Uygulanan aşıların yerini alabilir
Göktaş, halihazırda uygulanan aşıların yerini ileride bu yeni prosedüre bırakabileceğini de kelamlarına ekliyor: “Sprey ile tedbir alırsak yılanın başını küçükken ezmiş oluruz. Şu an yapılan klasik aşı ile virüse hava etki ettikten sonra tesir alabiliyoruz. O yüzden nazal aşının daha tesirli olacağını söyleyebilirim. Bunun dışında, soğuk zincir de gerektirmeyen bir uygulama, oda sıcaklığında kalabiliyor. Ayrıyeten birçok beşerde enjeksiyonfobisi var. Bunu da engelleyecek bir tahlil yolu olacaktır.”
“Nazal aşının tek doz yapılması kâfi oluyor. Ig A dediğimiz antikorların üretimini bağlamış oluyoruz. Yan tesirlerinin, klasik aşıya nazaran daha az olacağını öngörüyoruz. Mutasyonlara karşı da tesirli olacak.”

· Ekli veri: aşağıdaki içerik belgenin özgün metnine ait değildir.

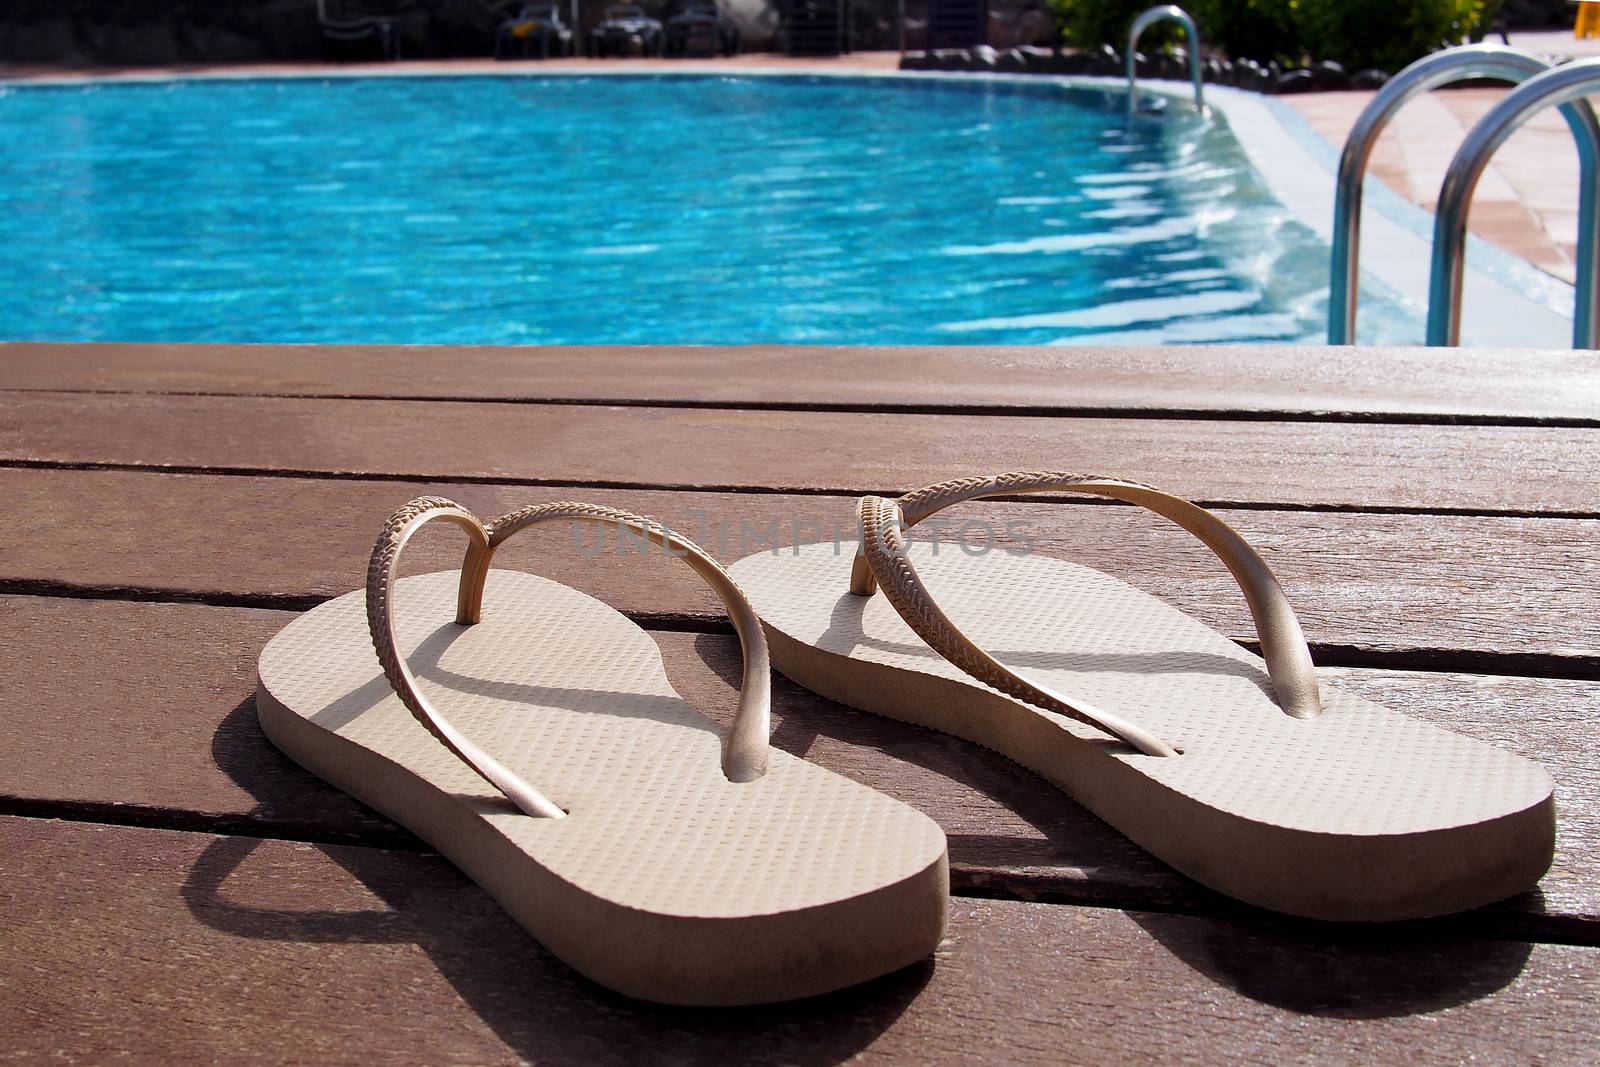 Pair of slippers by a swimming pool by stockyimages
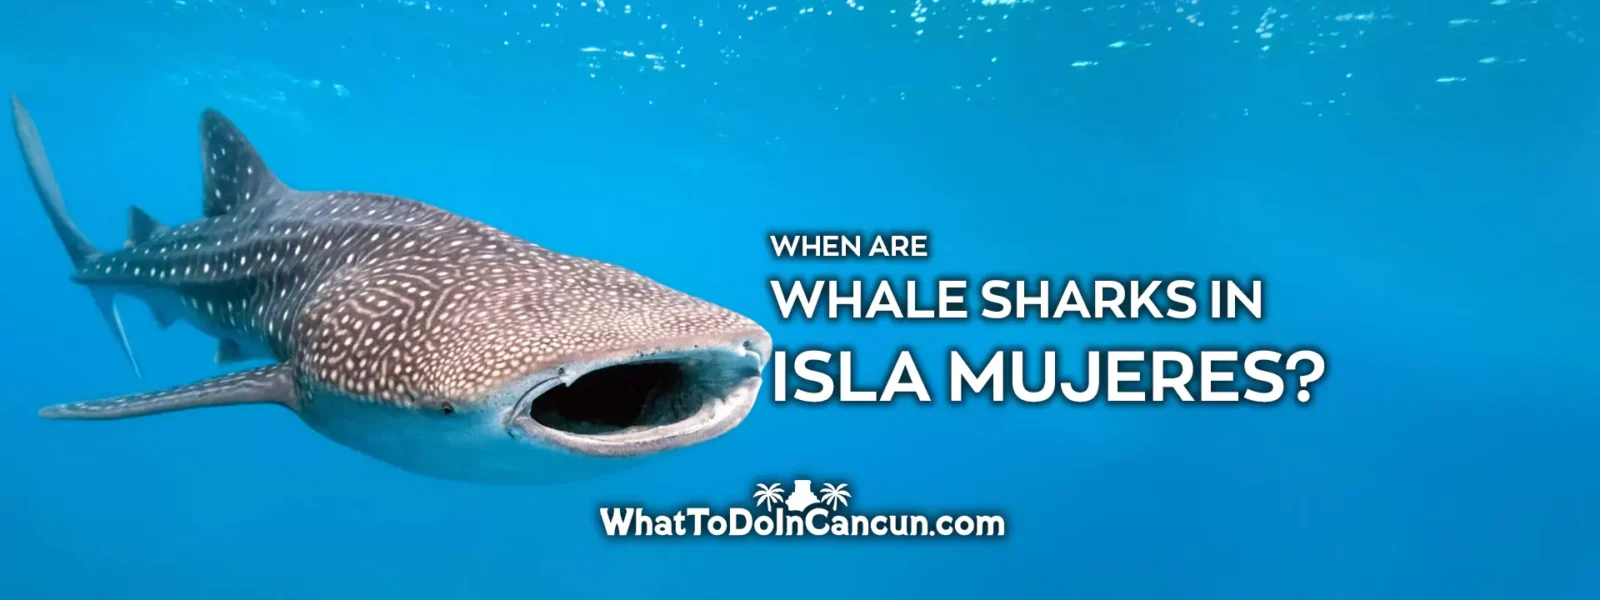 when-are-whale-sharks-in-isla-mujeres

Yapılan aşıların hastalığı hafif atlatmada kilit öge olduğunu da belirten Uzm. Dr. Şafak Göktaş, “Aşıda hastalara teklifim kar ziyan hesabı yapmaları. Aşısız olarak virüse yakalanırlarsa, hastalığı ağır geçirip, ağır bakım ünitesine gereksinim duyabilirler. O süreç çok sıkıntı. Gaye, ağır bakım ve hastaneye yatış oranını düşürmek. Hepimizin toplum sıhhatini düşünmemiz gerekiyor” dedi.